In both cases I think we have to figure out how to interact with copts wherever they originate:
- One proposal might be that we filter
std=out aggressively, preferring the library attributes and/or top-level flags. This is probably tricky unless you put that filtering way down incc_common - Or your cc_toolchain could have some variable that it populates with the appropriately determined value, and sets it after user
copts-- that's probably the cleanest way to ignore them.- e.g.
flag_group ( flags = ["-std=%{std_value}"] )[^3]
- e.g.
- You could try to inspect the flags and parse them but that feels worse somehow, needing to juggle the attributes with all the
copts.
[^1]: (command-line: --copt, --cxxopt, --per_file_copt, --features which set -std; cc_toolchain: either feature-gated or just as a bare flag_set, as well as BUILD attributes: cc_library.{features,copts}
[^2]: While I am aware of https://github.com/bazelbuild/bazel/issues/8706 I do not think this has been completed, so folks (including our own internal repository) can set --noincompatible_disable_nocopts
[^3]: I was tempted to split out std_prefix (i.e. gnu++ or c++) and std_value, but I have no idea if cc_toolchain can expand two variables in a single flag group.
I had very similar problem with Java where I felt language version should be configured on a target level (with possible defaults for package/module).
I haven’t solved it for Java, resorting to a global flag —java_language_version. But at least in Java, higher versions are usually backwards compatible.
in C++ world “features” already support such granularity, so that’s probably the best approach.
I wish to have some inputs from configurability team. Cc @katre @gregestren
I wound up emulating this in this CL by using a string_flag to select the C++ version, then some config_settings to detect which version was selected.
@cramertj Could you share a public link for posterity?
http://pwrev.dev/221453 is the publicly available link to the CL Taylor mentioned. I do think we should consider upstreaming to rules_cc the //pw_toolchain/cc:cxx_standard string_flag and the associated config_settings, and maybe even the minimum_cxx_20 target-compatibility helper defined in pw_build/compatibility.bzl.
This looks good to me. In the future, we could extend it with an auto default value and a way for modules to declare their minimum required C++ standard, with rules_cc translating auto into the maximum of the required minimum standard levels. This would solve the problem of having to keep bumping the standard over time.

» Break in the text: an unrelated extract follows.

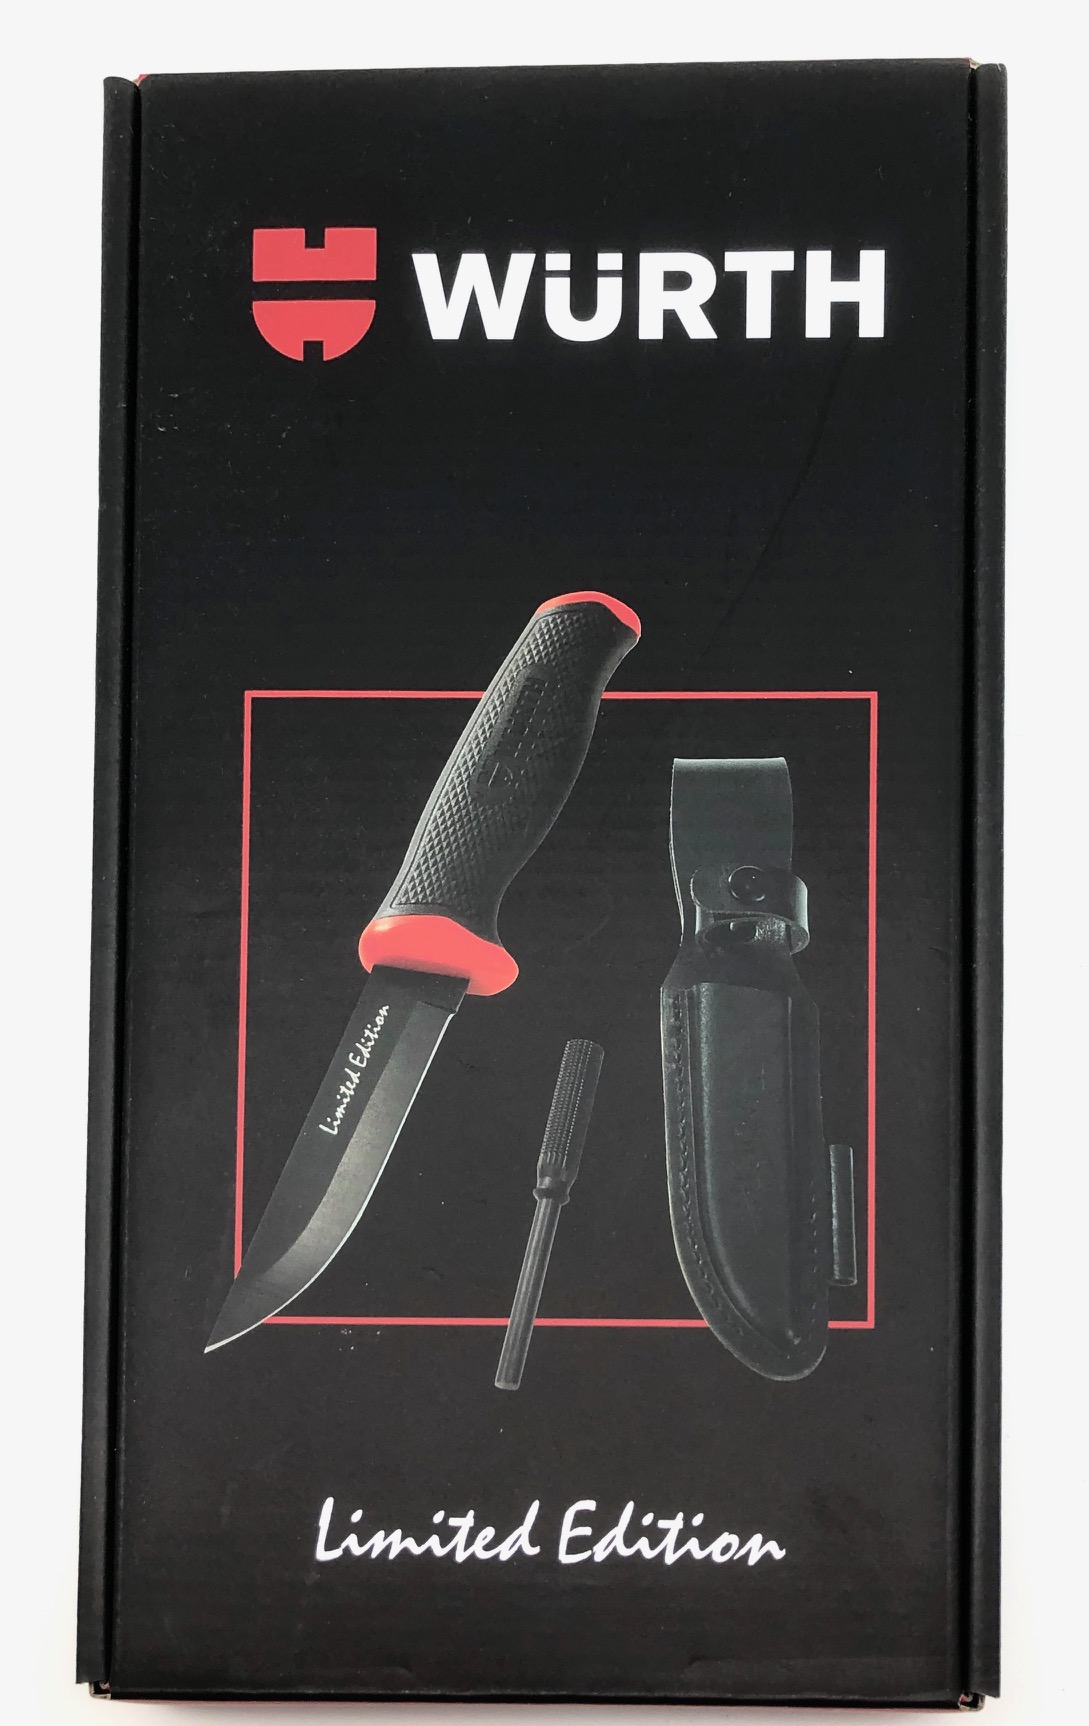 Würth Limited Edition Outdoor 2K- Messer

In today's episode of "things I discovered were possible but may be ill-advised" I found a way to create config_settings that are driven by C/C++ toolchain features. It's roughly implemented as:
- Scan for features prefixed with
cpp_std_version_. - Extract the integer after the prefix.
- Do arbitrary logic to spit out a
BuildSettingInfoand/orconfig_common.FeatureFlagInfowith your desired effect.
There's a bit of glue required in the middle, but you can boil it down to having a cpp_std_version_17 feature properly propagate to a compatible_if_cpp_std_at_least(17).